**Work order:** Exactly the lines starting at the line containing "Ilustración tridimensional de" and ending at the line containing "Voyage à pied" are to be written out from the listing below, both included.

**Supplied entries:**
┌────────
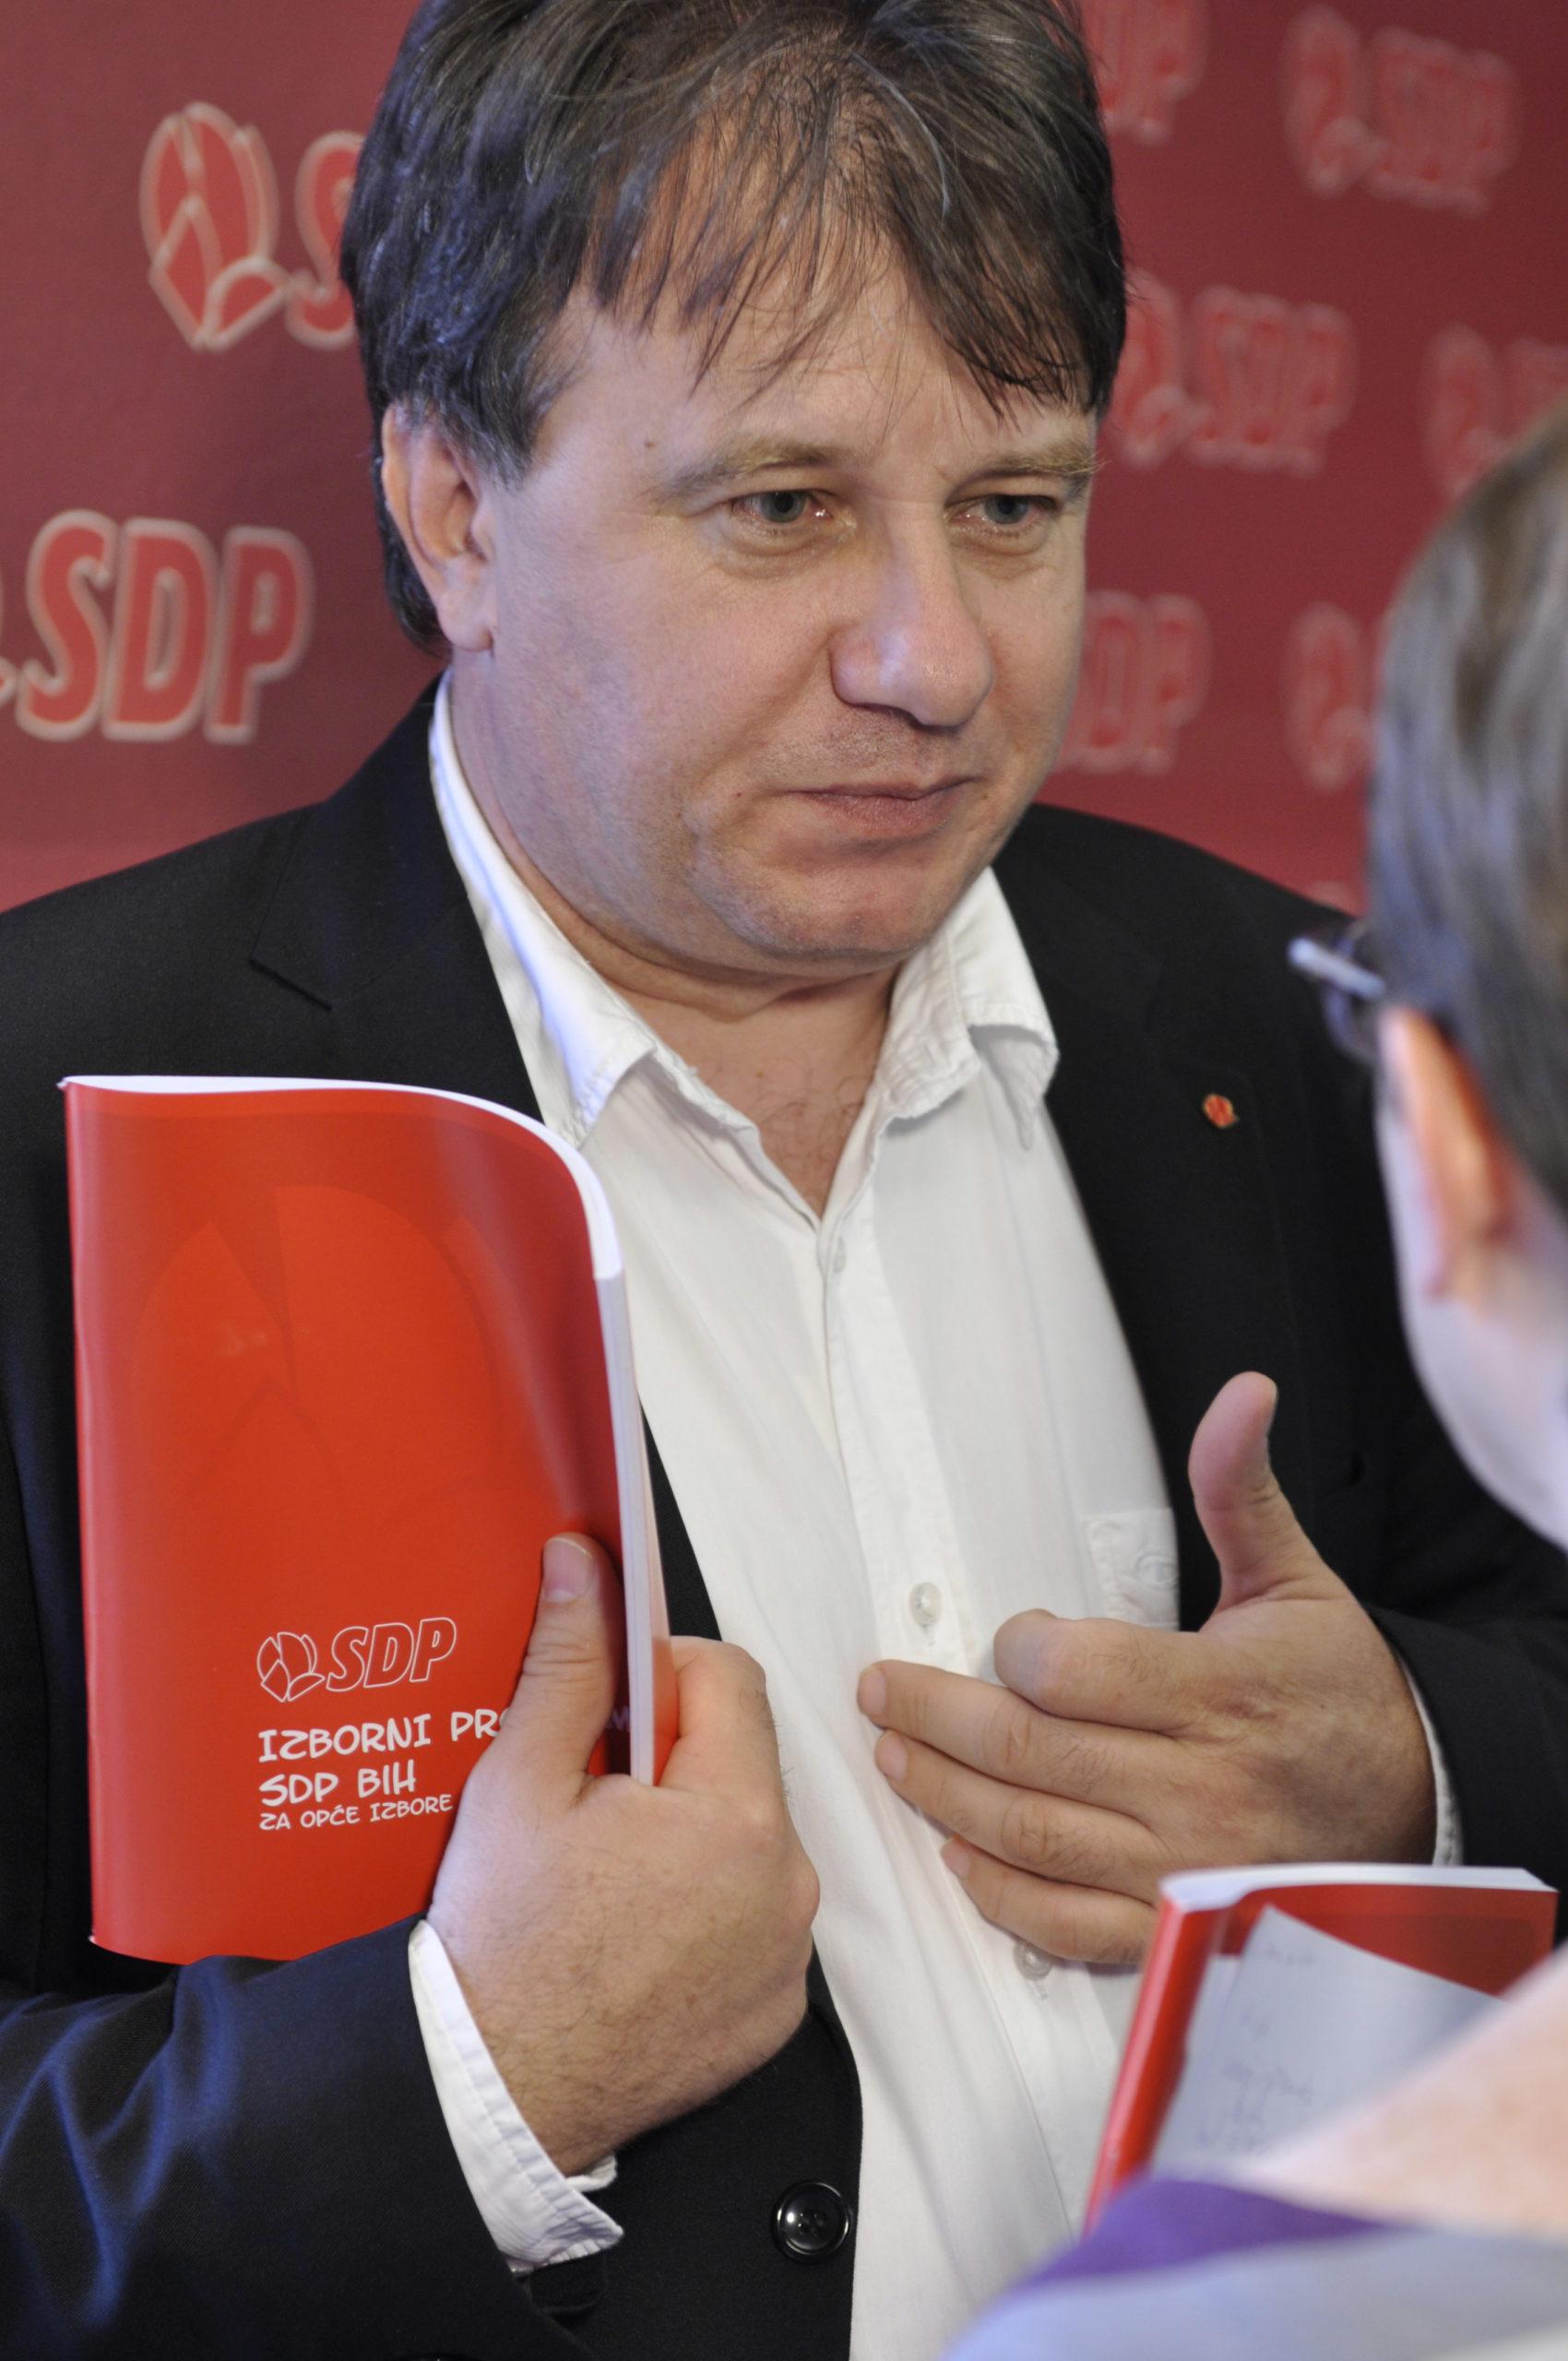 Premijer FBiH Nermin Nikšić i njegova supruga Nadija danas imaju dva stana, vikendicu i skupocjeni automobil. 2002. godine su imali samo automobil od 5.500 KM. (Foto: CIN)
└────────
┌────────
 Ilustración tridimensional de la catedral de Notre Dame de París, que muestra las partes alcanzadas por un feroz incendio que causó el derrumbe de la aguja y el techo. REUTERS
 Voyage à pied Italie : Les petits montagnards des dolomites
└────────
┌────────
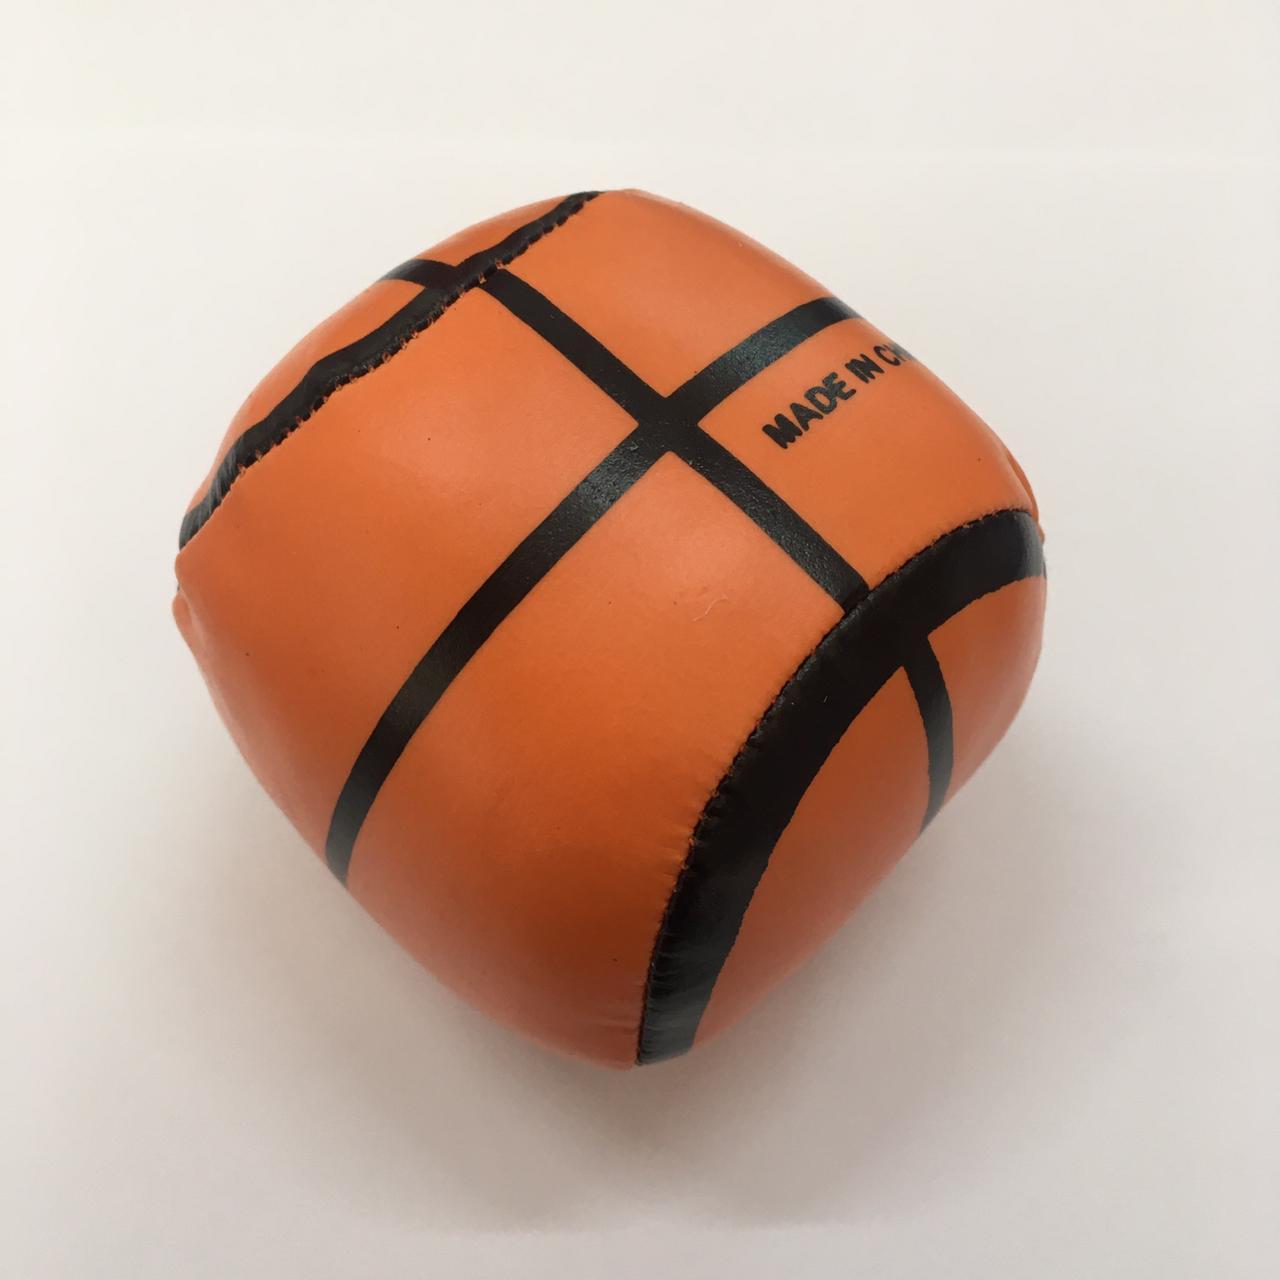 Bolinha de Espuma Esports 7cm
└────────
**Exercise response:**
 Ilustración tridimensional de la catedral de Notre Dame de París, que muestra las partes alcanzadas por un feroz incendio que causó el derrumbe de la aguja y el techo. REUTERS
 Voyage à pied Italie : Les petits montagnards des dolomites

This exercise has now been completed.